The primitive hermitage of Caridad was located immediately to the current church of Caridad, a street in the middle, to the south of it, according to what was reported in the publication of Bishop Francisco Orozco y Jiménez with the following paragraph: "Our hermitage with its cemetery and plazuela that is between the church and the convent of Santo Domingo and said hospital, from north to south”, given in the city of Chiapas on January 21, 1712. I must mention that the hospital continued to function once independence was achieved, entrusted to a group of civilians called the Junta de Caridad. “In 1869 the federal government gave the former convent of Concepcionistas de la Encarnación nuns to the State, so that a children's school could be established there.

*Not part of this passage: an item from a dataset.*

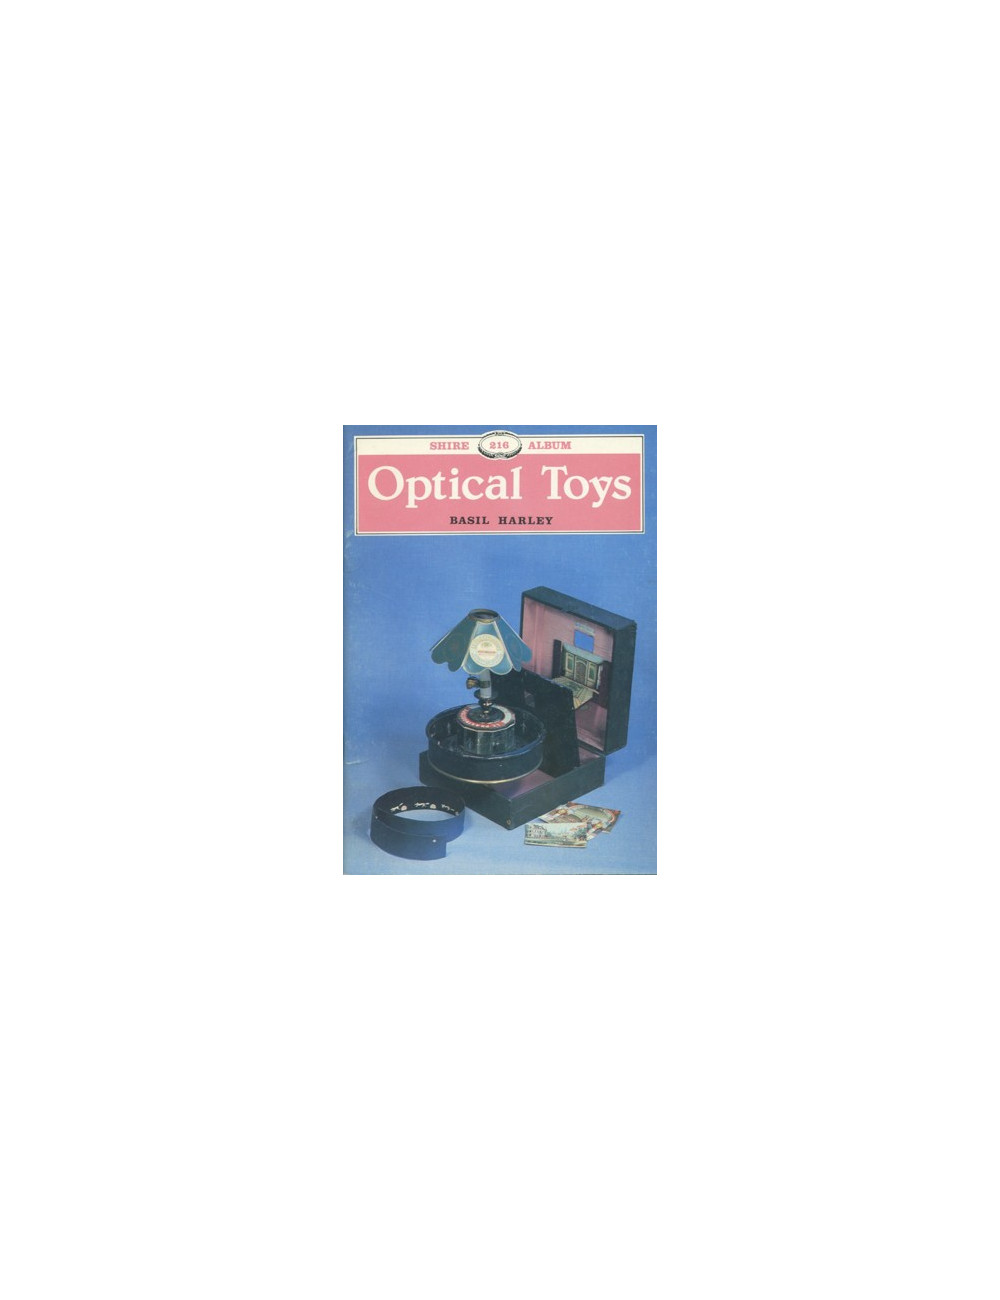 OPTICAL TOYS (Basil HARLEY)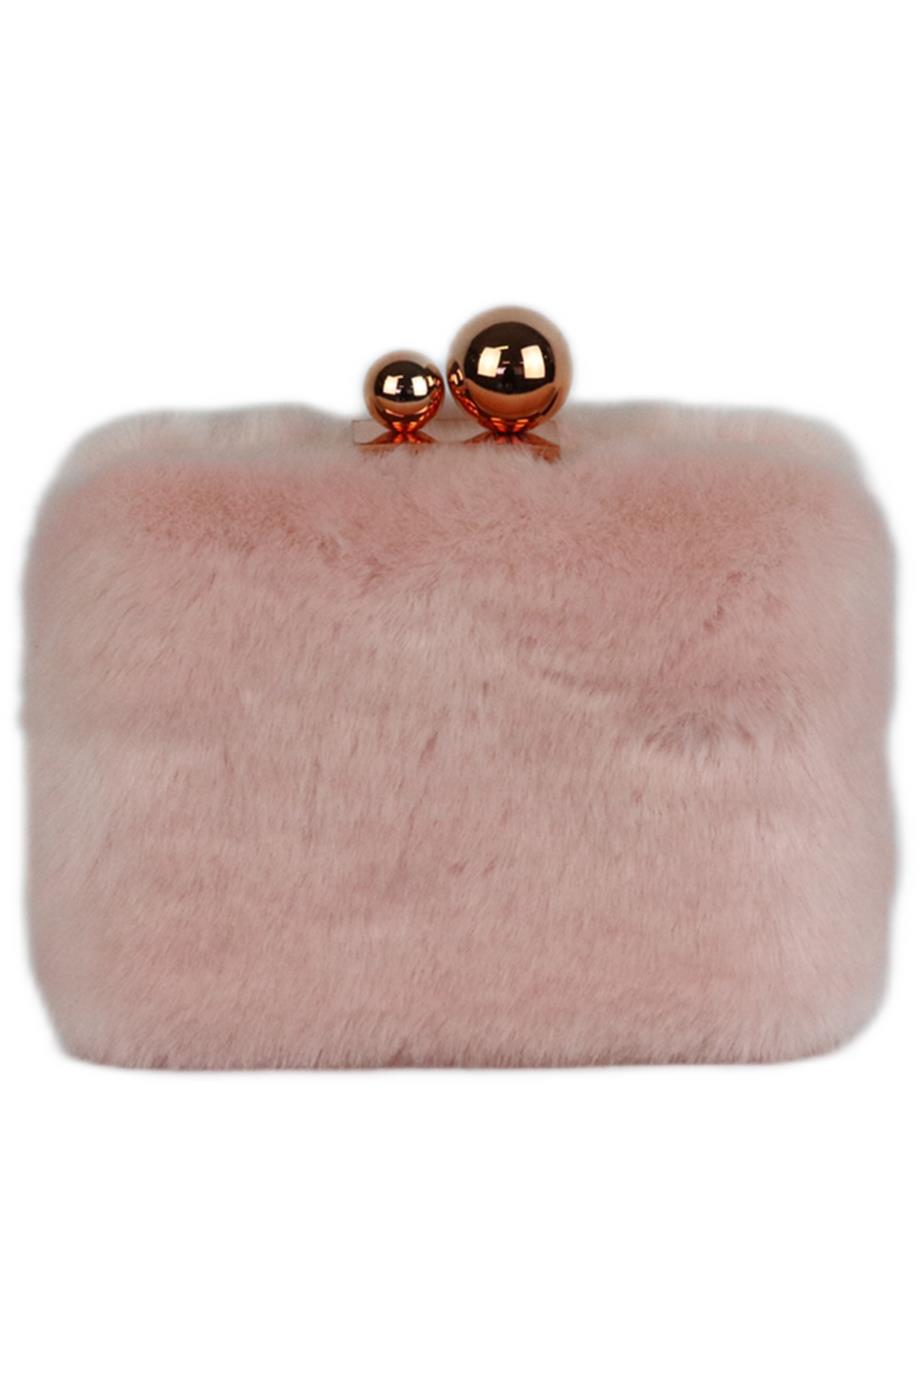 Faux Fur Clutch Bag Vintage Pearl Chain Handle Handbag Shell Purse  Crossbody Bag | eBay

Instead of running like this, what was done was to swap this building with the hospital in 1874…”. Thus, in what was a convent for nuns, the old hospital continued to operate, which became a nursing home until 1979, the year in which the needy were transferred to the house that Monsignor Eduardo Flores Ruiz ceded, upon his death. . So Caridad was converted into a school, possibly from shortly after 1874.

Its dome with a lantern and windows spills light onto the splendid Solomonic main altarpiece. Its main façade is an altarpiece superimposed on the original made up of two horizontal bodies, a central bell tower, with Tuscan columns and pilasters with a very innovative design derived from the Baroque that developed in Lima, Peru during the 18th century. Its façade has curious shapes, as it shows groups of pilasters with curvilinear bodies that resemble carvings on wood. The interior of the temple preserves a baroque altarpiece dedicated to the Virgin and another to a Black Christ from Esquipulas, Guatemala.